Content starts

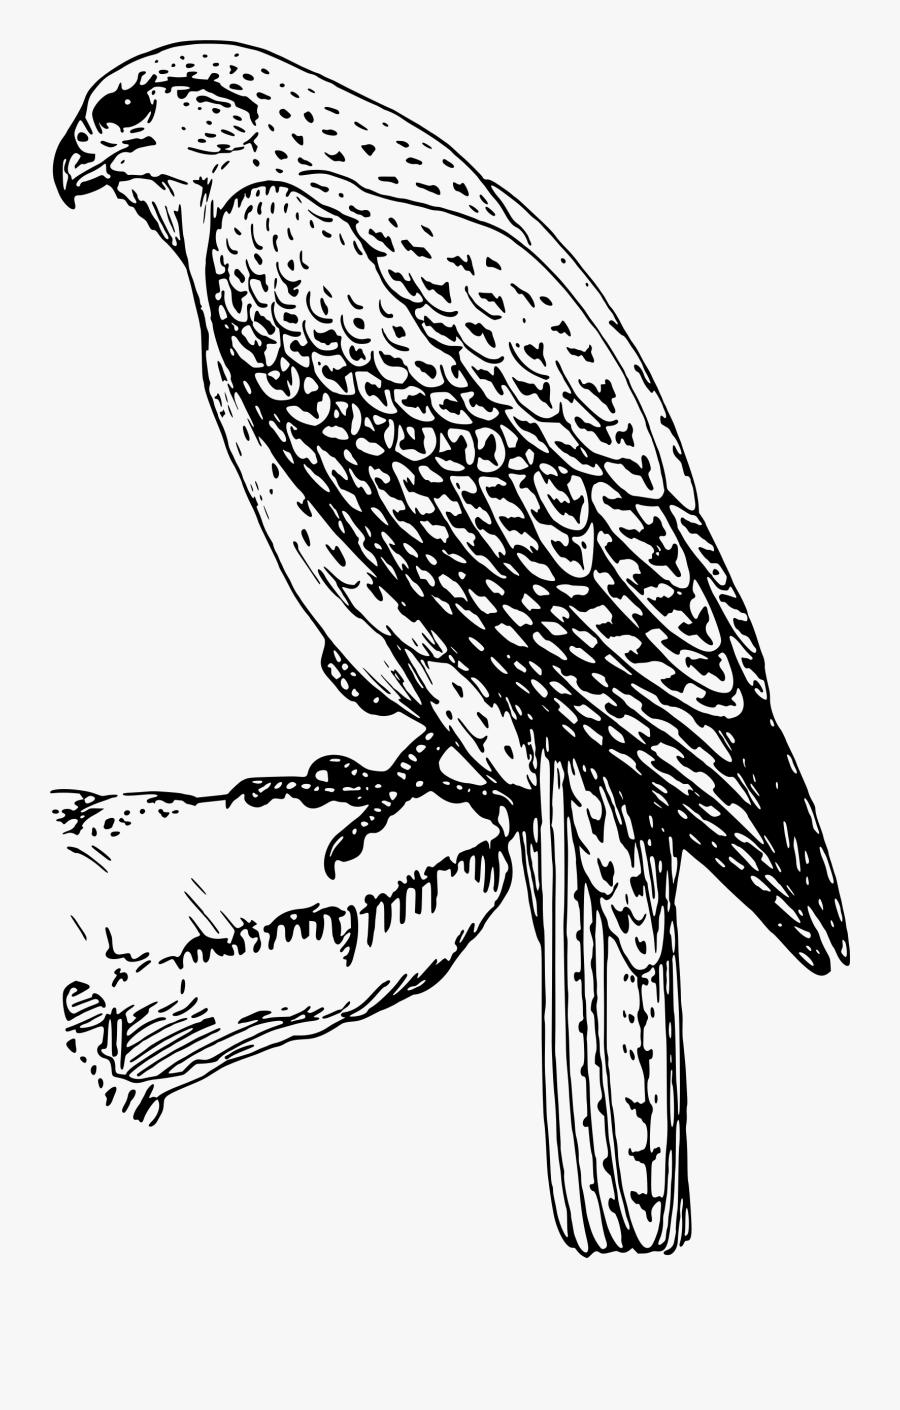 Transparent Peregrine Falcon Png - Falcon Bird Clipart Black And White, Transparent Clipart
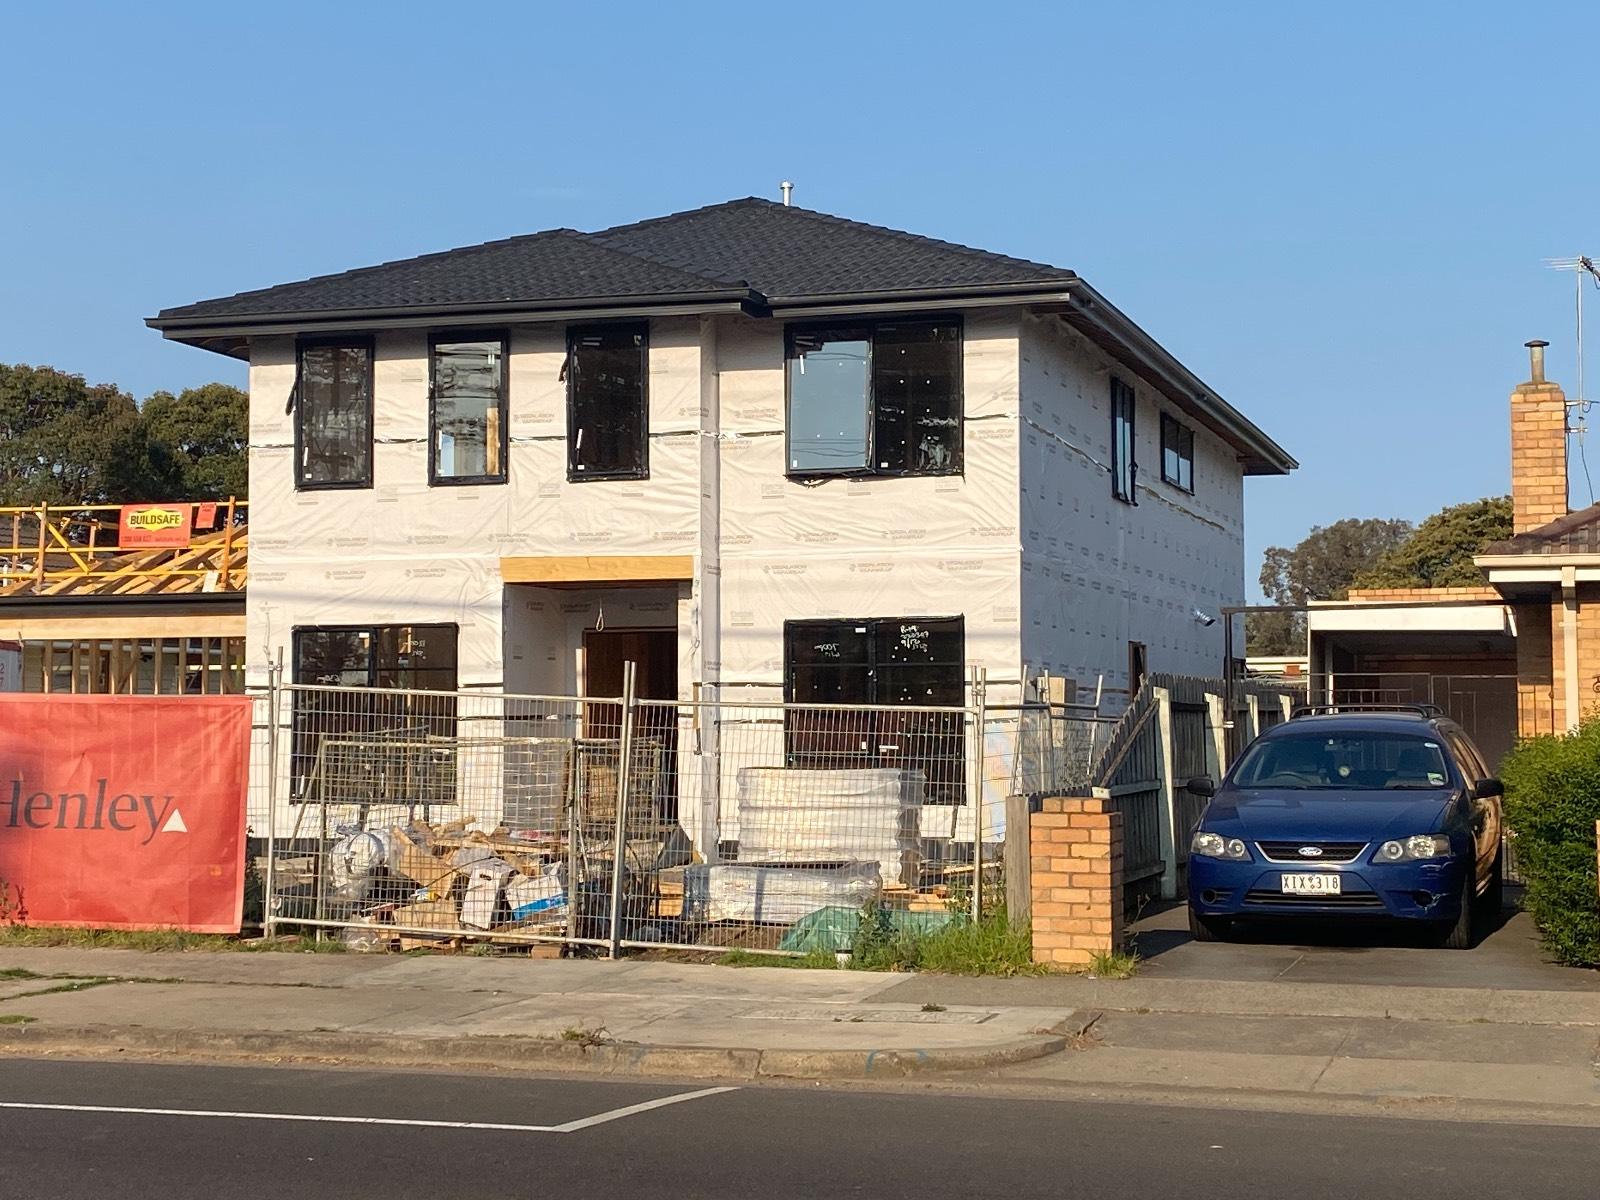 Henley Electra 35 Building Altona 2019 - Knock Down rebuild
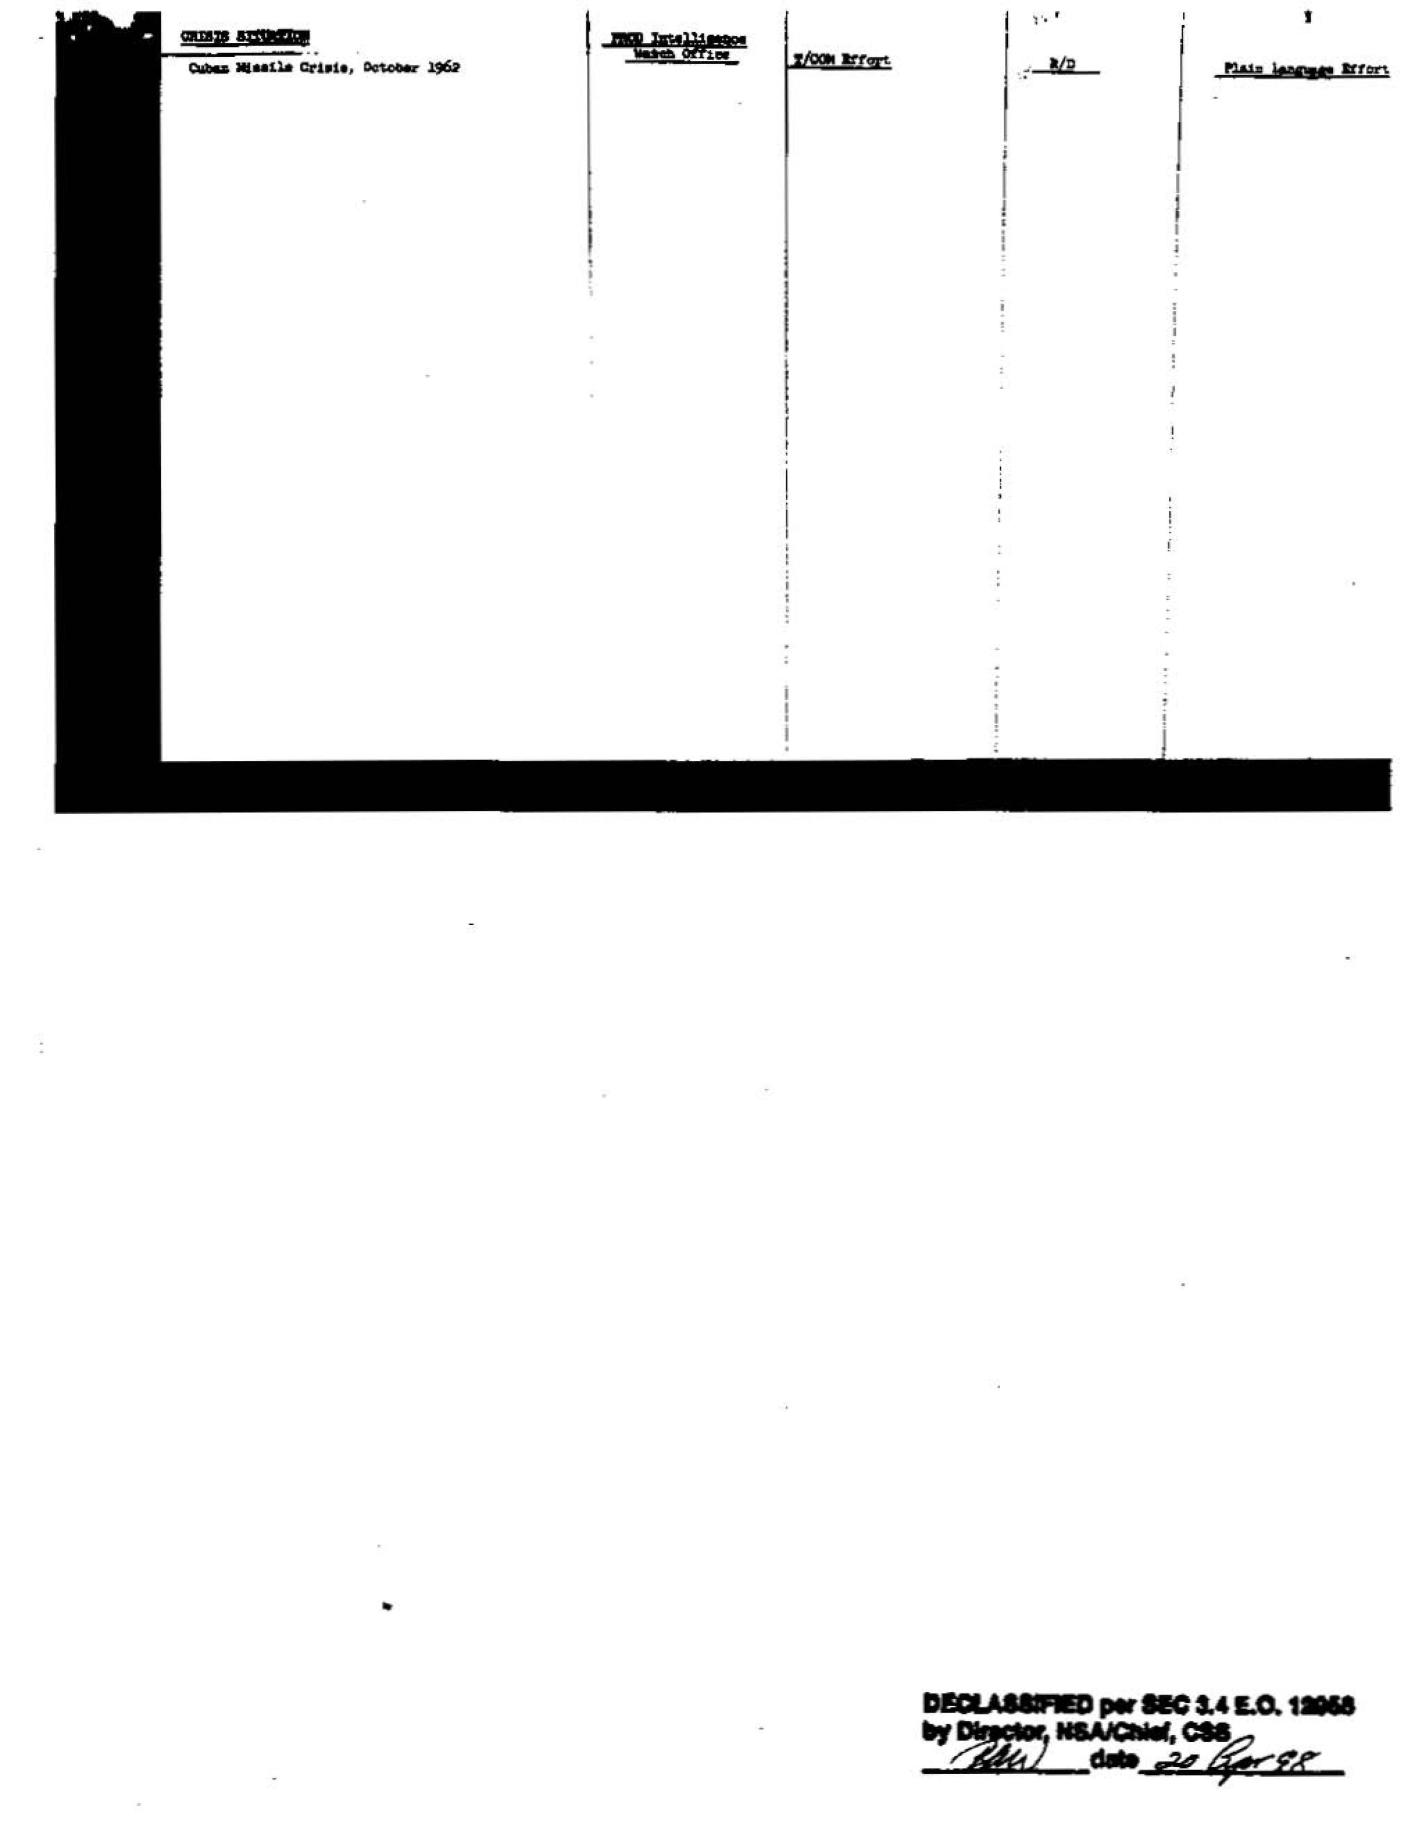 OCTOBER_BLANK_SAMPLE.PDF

Content ends

The lines running from the one with "Henley Electra 35" to the close of the material above are to be retyped exactly; no picture is to be included.

 Henley Electra 35 Building Altona 2019 - Knock Down rebuild
 OCTOBER_BLANK_SAMPLE.PDF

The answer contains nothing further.